Le silence lui-même devient alors une parole.

Car dans une société saturée de commentaires, d’opinions et de réactions immédiates, apprendre à écouter réellement constitue déjà une forme de révolution intérieure.

Le rituel n’agit pas à notre place

Il faut cependant se méfier d’une illusion.

Assister régulièrement aux tenues ne transforme personne par magie.

On peut connaître parfaitement son rituel, multiplier les planches, manier les symboles avec érudition et demeurer pourtant exactement le même homme en dehors du Temple.

Le rituel propose. Le franc-maçon dispose.

La pierre ne se taille pas toute seule.

Le véritable travail commence peut-être justement lorsque les portes du Temple se referment derrière nous.

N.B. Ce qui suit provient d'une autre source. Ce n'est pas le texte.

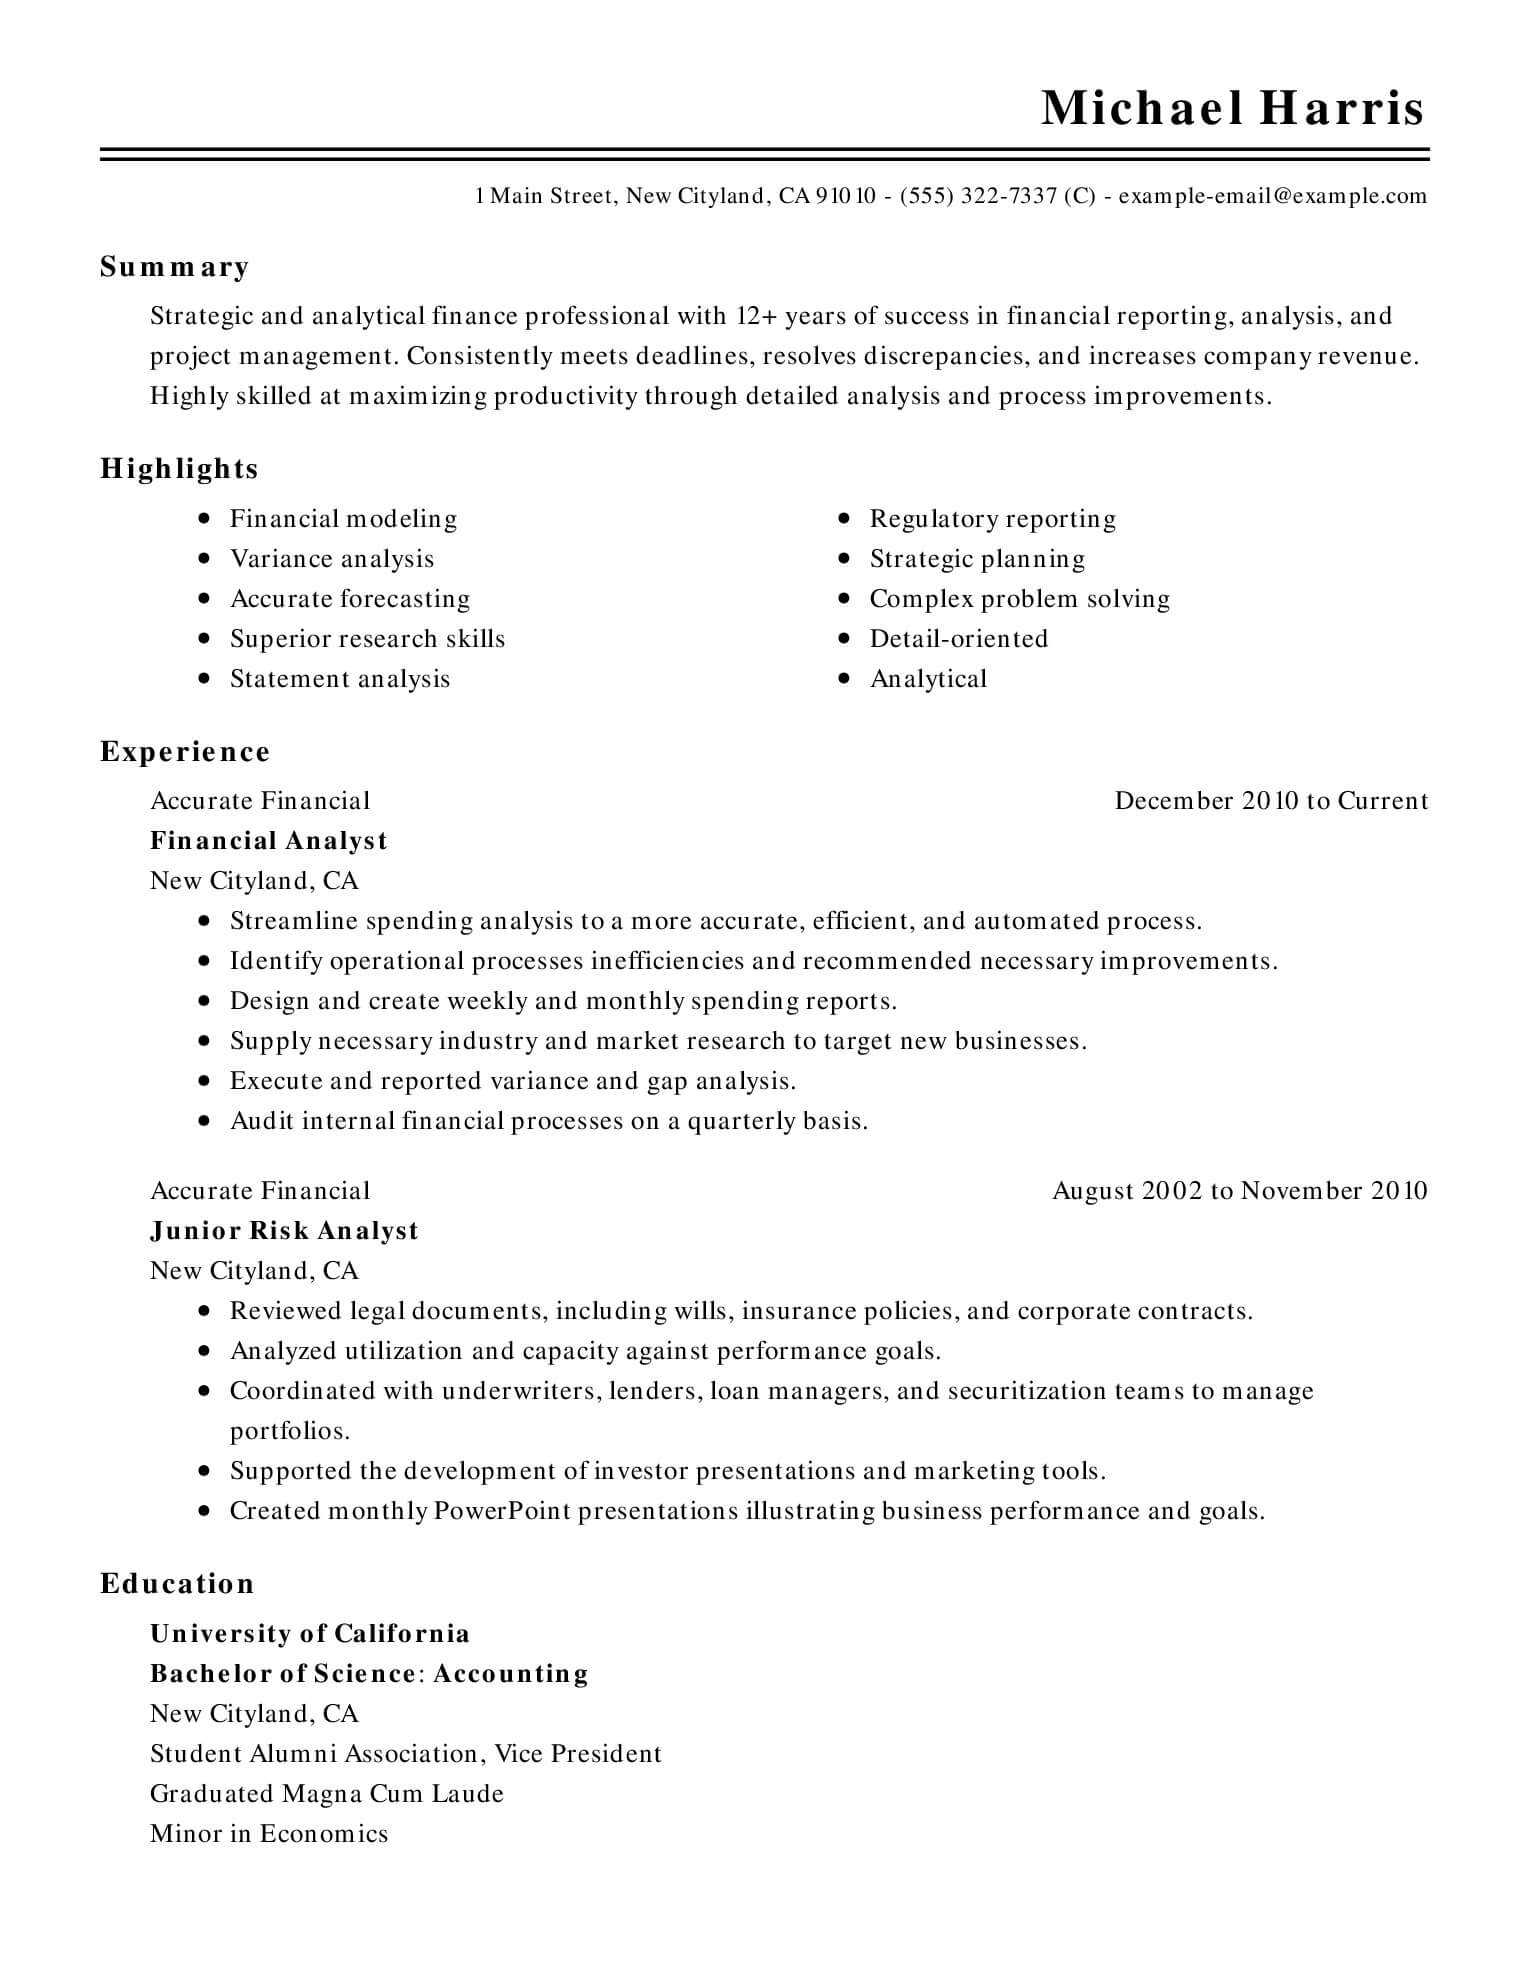 Basic Resume Template For Microsoft Word | Livecareer Within Simple Resume Template Microsoft Word

Que reste-t-il alors de la fraternité lorsque nous retrouvons celui que nous ne supportons pas ? Que devient la tolérance lorsque quelqu’un pense exactement le contraire de nous ? Que vaut notre recherche de vérité lorsqu’elle vient heurter nos propres certitudes ?

C’est là que le symbole cesse d’être décoratif.

C’est là que le rituel devient vivant.

Car construire son Temple intérieur n’a de sens que si cette construction modifie peu à peu notre manière d’être avec les autres.

Sinon, nous n’avons peut-être fait que participer à une belle cérémonie.

La franc-maçonnerie ne nous demande donc pas simplement de contempler la Lumière.

Elle nous invite à essayer d’en conserver quelque chose lorsque nous retrouvons le monde profane.

Et finalement, après toutes les paroles entendues, tous les symboles contemplés et tous les rituels accomplis, une question demeure :

Sommes-nous réellement différents en sortant du Temple de ceux que nous étions en y entrant ?

Si la réponse est parfois oui, même modestement, alors peut-être le rituel a-t-il commencé son œuvre.

D’après une réflexion intitulée « Le rituel, les symboles et les mots », publiée sur Freemason.pt, texte original signé Mozart (nom symbolique).